(What is being asked) The listing below is to be given again in full and word for word, without its images.

(Exercise data)
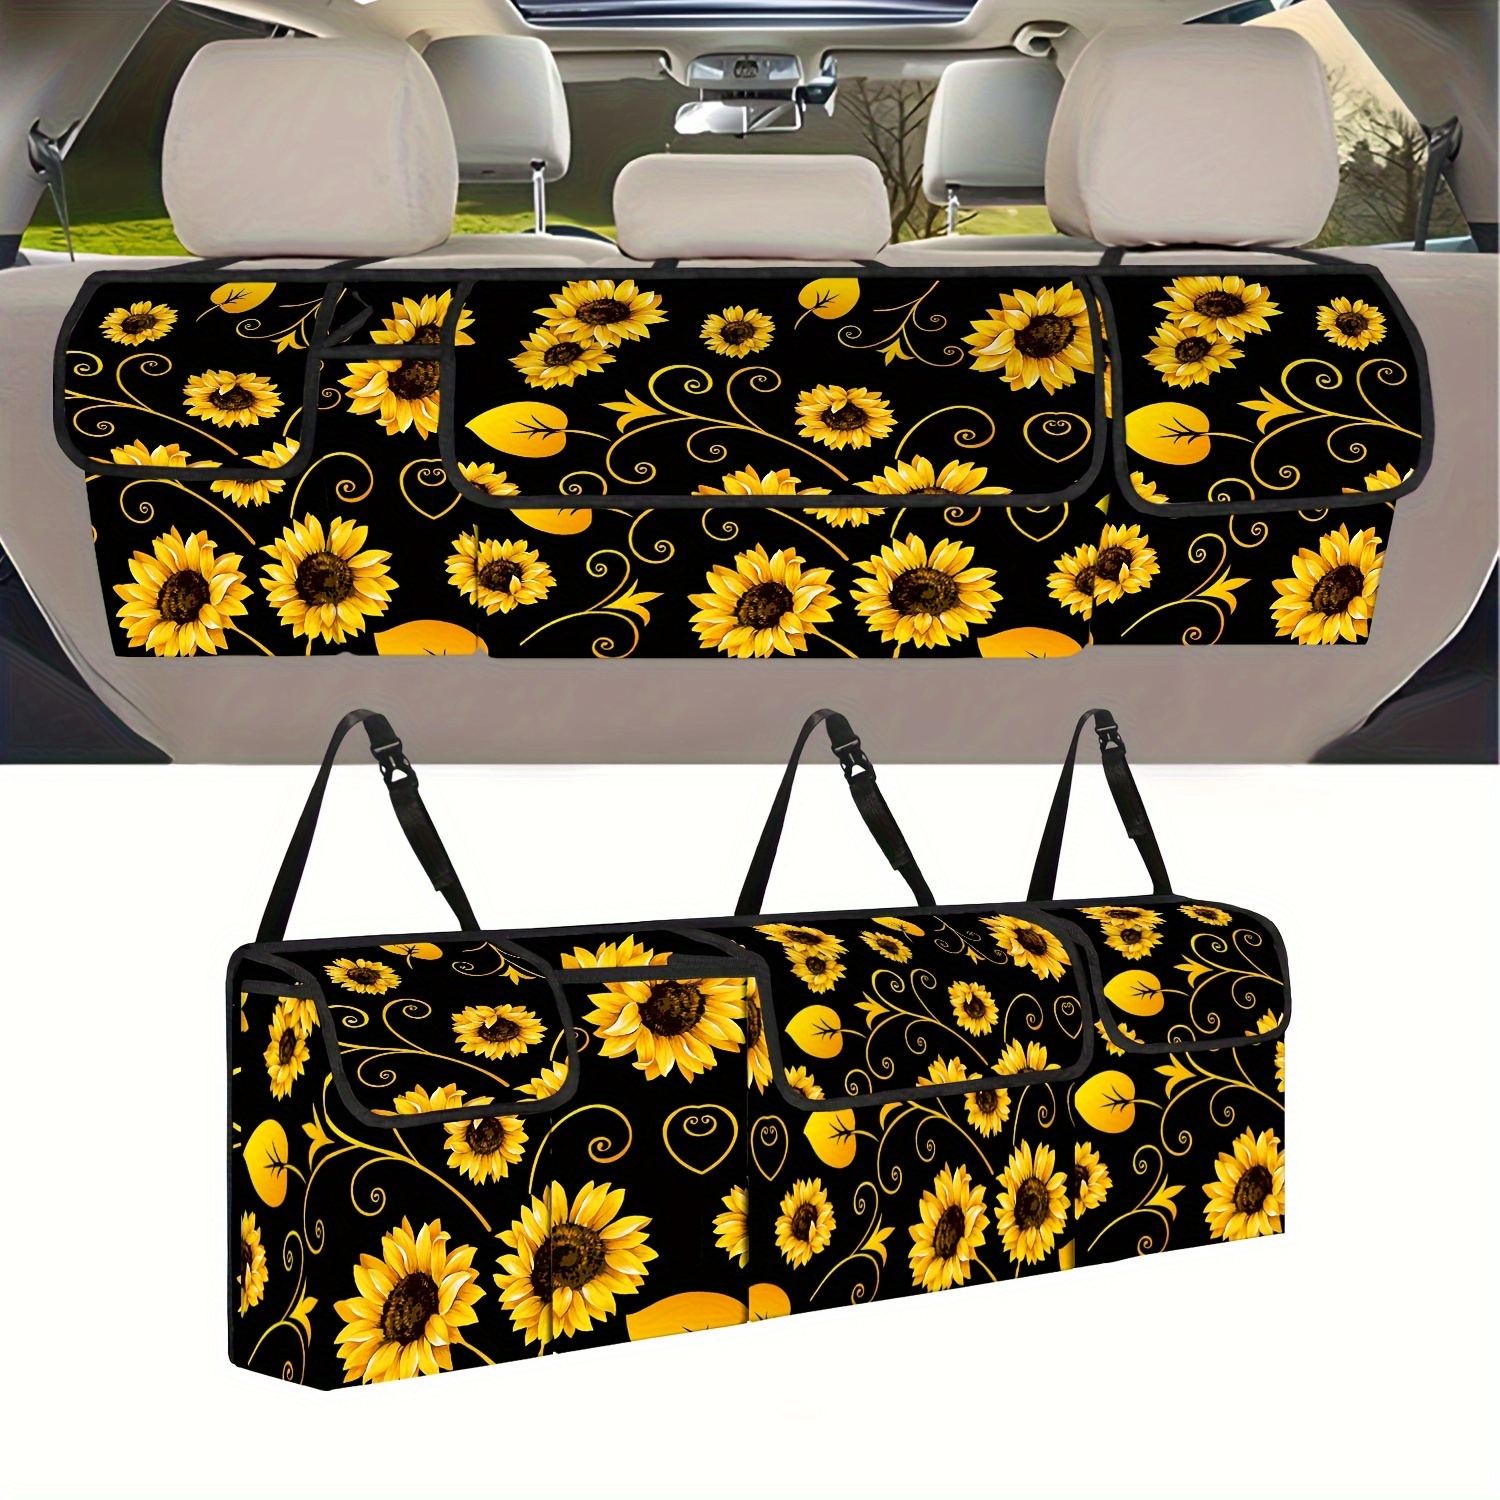 

1pc Sunflower Golden Leaf Printed Car Rear Seat Trunk Hanging Storage Bag, Foldable Storage Bag With 3 Large Pockets And 3 Adjustable Shoulder Straps
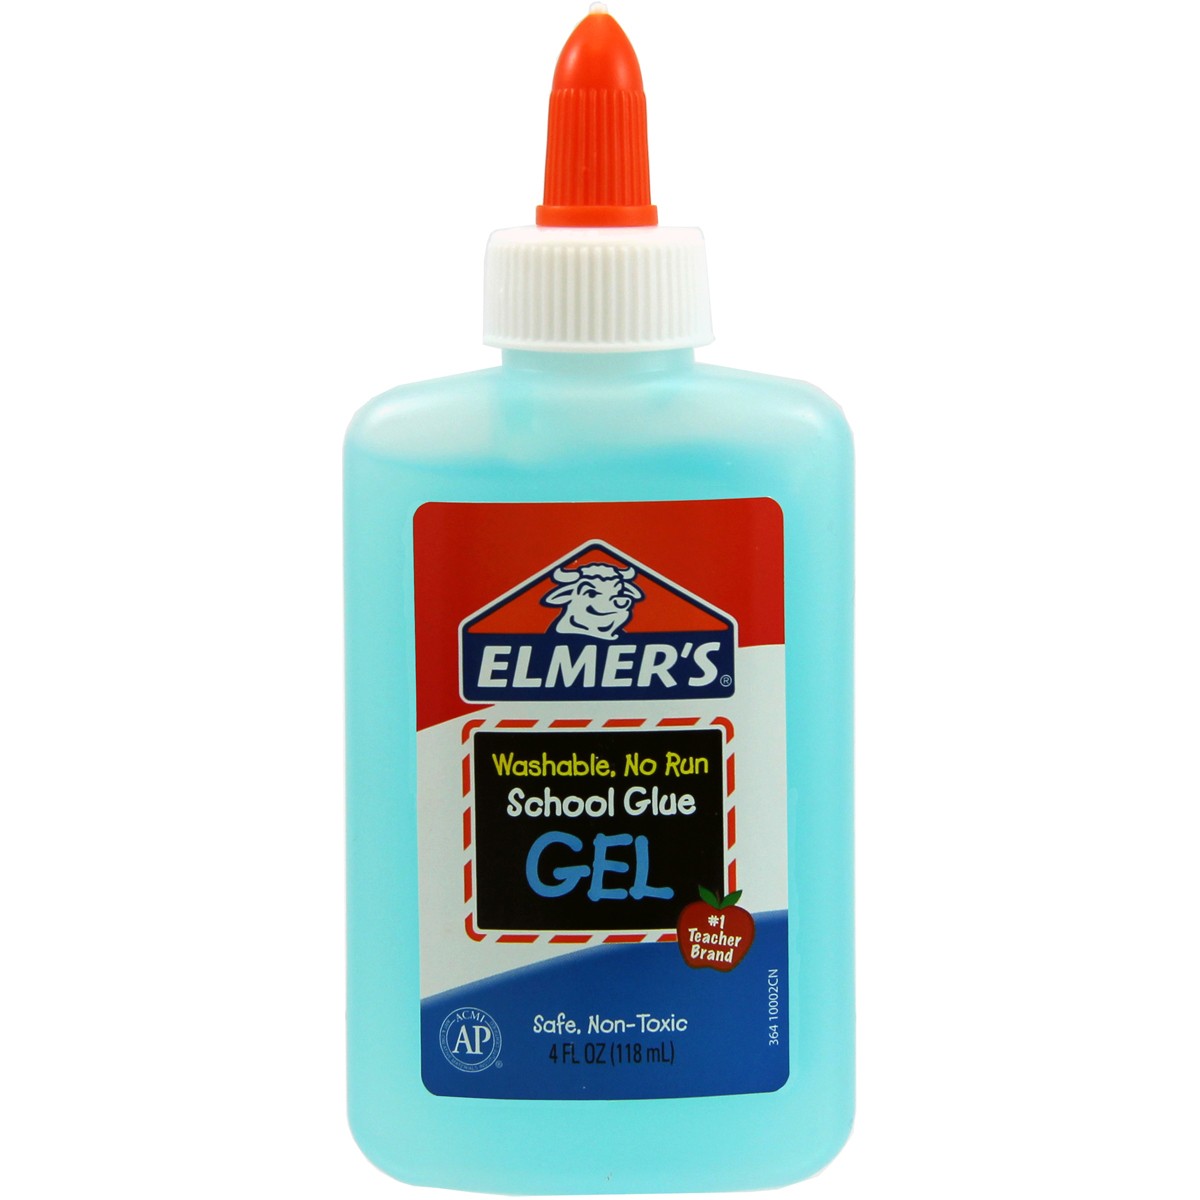 Elmers School Glue Gel 4oz
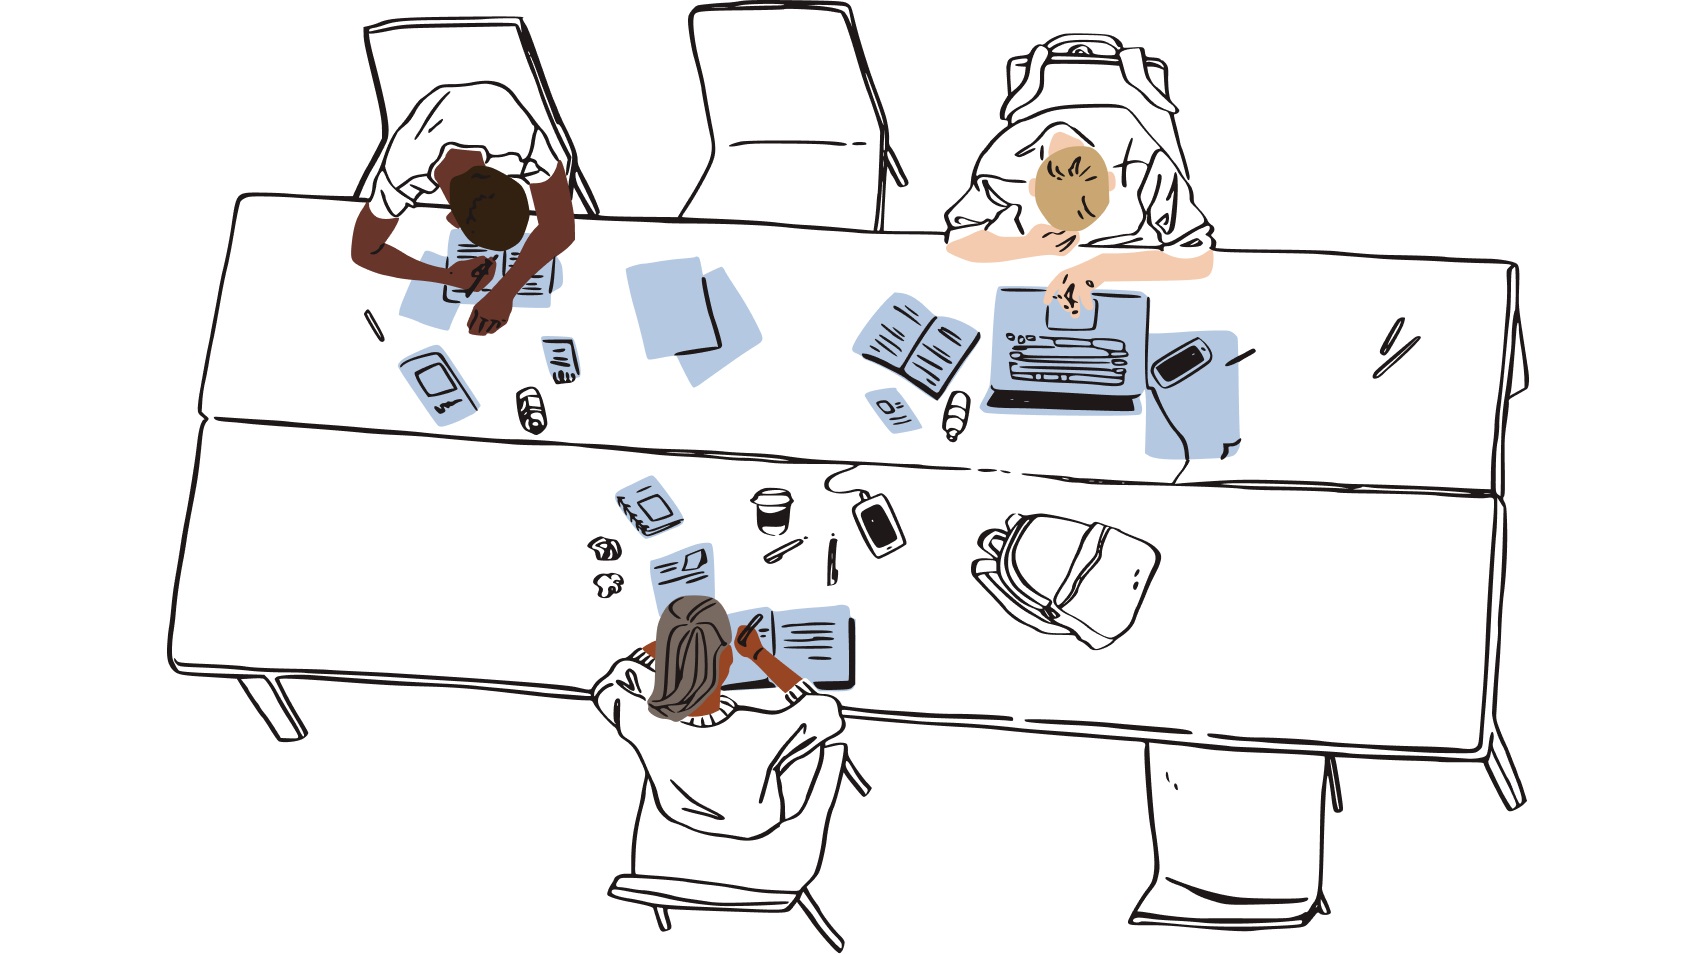 Menschen arbeiten an einem unordentlichen Schreibtisch mit mehreren Geräten und vielen Dateien um sie herum.

(Task result)
1pc Sunflower Golden Leaf Printed Car Rear Seat Trunk Hanging Storage Bag, Foldable Storage Bag With 3 Large Pockets And 3 Adjustable Shoulder Straps
 Elmers School Glue Gel 4oz
 Menschen arbeiten an einem unordentlichen Schreibtisch mit mehreren Geräten und vielen Dateien um sie herum.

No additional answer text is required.